The researchers could not use genetic sequencing or common gene editing tools to identify the enzymes because the kava genome is huge; it has 130 chromosomes compared to humans’ 46. Instead they turned to other methods, including sequencing the plant’s RNA to survey the genes expressed, to identify the biosynthetic pathway for kavalactones.
“It’s like you have a lot of Lego pieces scattered on the floor,” Weng says, “and you have to find the ones that fit together to build a certain object.”
Weng and Pluskal had a good starting point: They recognized that kavalactones had a similar structural backbone to chalcones, metabolites shared by all land plants. They hypothesized that one of the enzymes involved in producing kavalactones must be related to the one involved in producing chalcones, chalcone synthase (CHS). They looked for genes encoding similar enzymes and found two synthases that had evolved from an older CHS gene. These synthases, which they call PmSPS1 and PmSPS2, help to shape the basic scaffolding of kavalactones molecules.
Then, with some trial and error, Pluskal found the genes encoding a number of the tailoring enzymes that modify and add to the molecules’ backbone to create a variety of specific kavalactones. In order to test that he had identified the right enzymes, Pluskal cloned the relevant genes and confirmed that the enzymes they encode produced the expected molecules. The team also identified key enzymes in the biosynthetic pathway of flavokavains, molecules in kava that are structurally related to kavalactones and have been shown in studies to have anti-cancer properties.
Once the researchers had their kavalactone genes, they inserted them into bacteria and yeast to begin producing the molecules. This proof of concept for their microbial bio-factory model demonstrated that using microbes could provide a more efficient and scalable production vehicle for kavalactones. The model could also allow for the production of novel molecules engineered by combining kava genes with other genes so the microbes would produce modified kavalactones.

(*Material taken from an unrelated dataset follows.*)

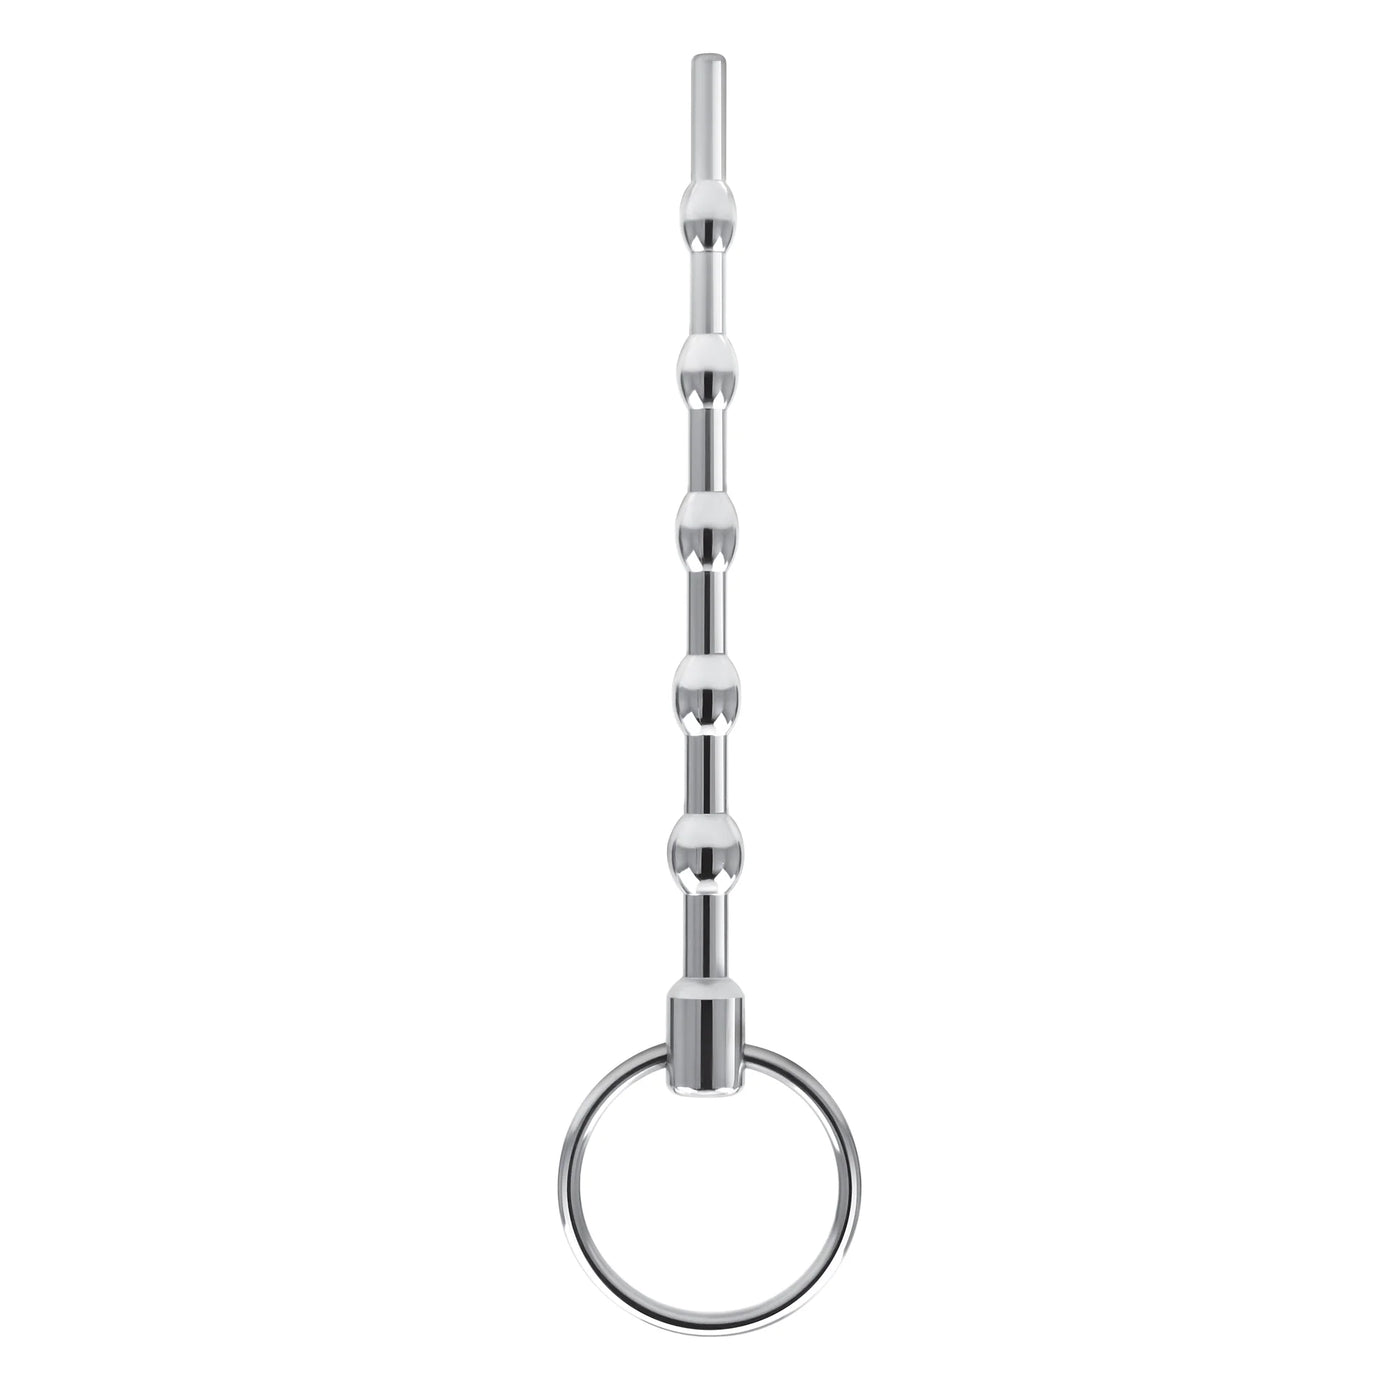 Beaded Urethral Sound, 4.5-Inch Stainless Steel - Hamilton Park Electronics

This could allow researchers to optimize the molecules for efficiency and safety as therapeutics.
“There’s a very urgent need for therapies to treat mental disorders, and for safer pain relief options,” Weng says. “Our model eliminates several of the bottlenecks in drug development from plants by increasing access to natural medicinal molecules and allowing for the creation of new-to-nature molecules.”
Kava is only one of many plants around the world containing unique molecules that could be of great medicinal value. Weng and Pluskal hope that their model — combining the use of drug discovery from plants used in traditional medicine, genomics, synthetic biology, and microbial mass production — will be used to better harness the great diversity of plant chemistry around the world in order to help patients in need.
This work was supported by grants from the Smith Family Foundation, Edward N. and Della L. Thome Memorial Foundation, the Family Larsson-Rosenquist Foundation, and the National Science Foundation. Tomáš Pluskal is a Simons Foundation Fellow of the Helen Hay Whitney Foundation. Jing-Ke Weng is supported by the Beckman Young Investigator Program, Pew Scholars Program in the Biomedical Sciences, and the Searle Scholars Program.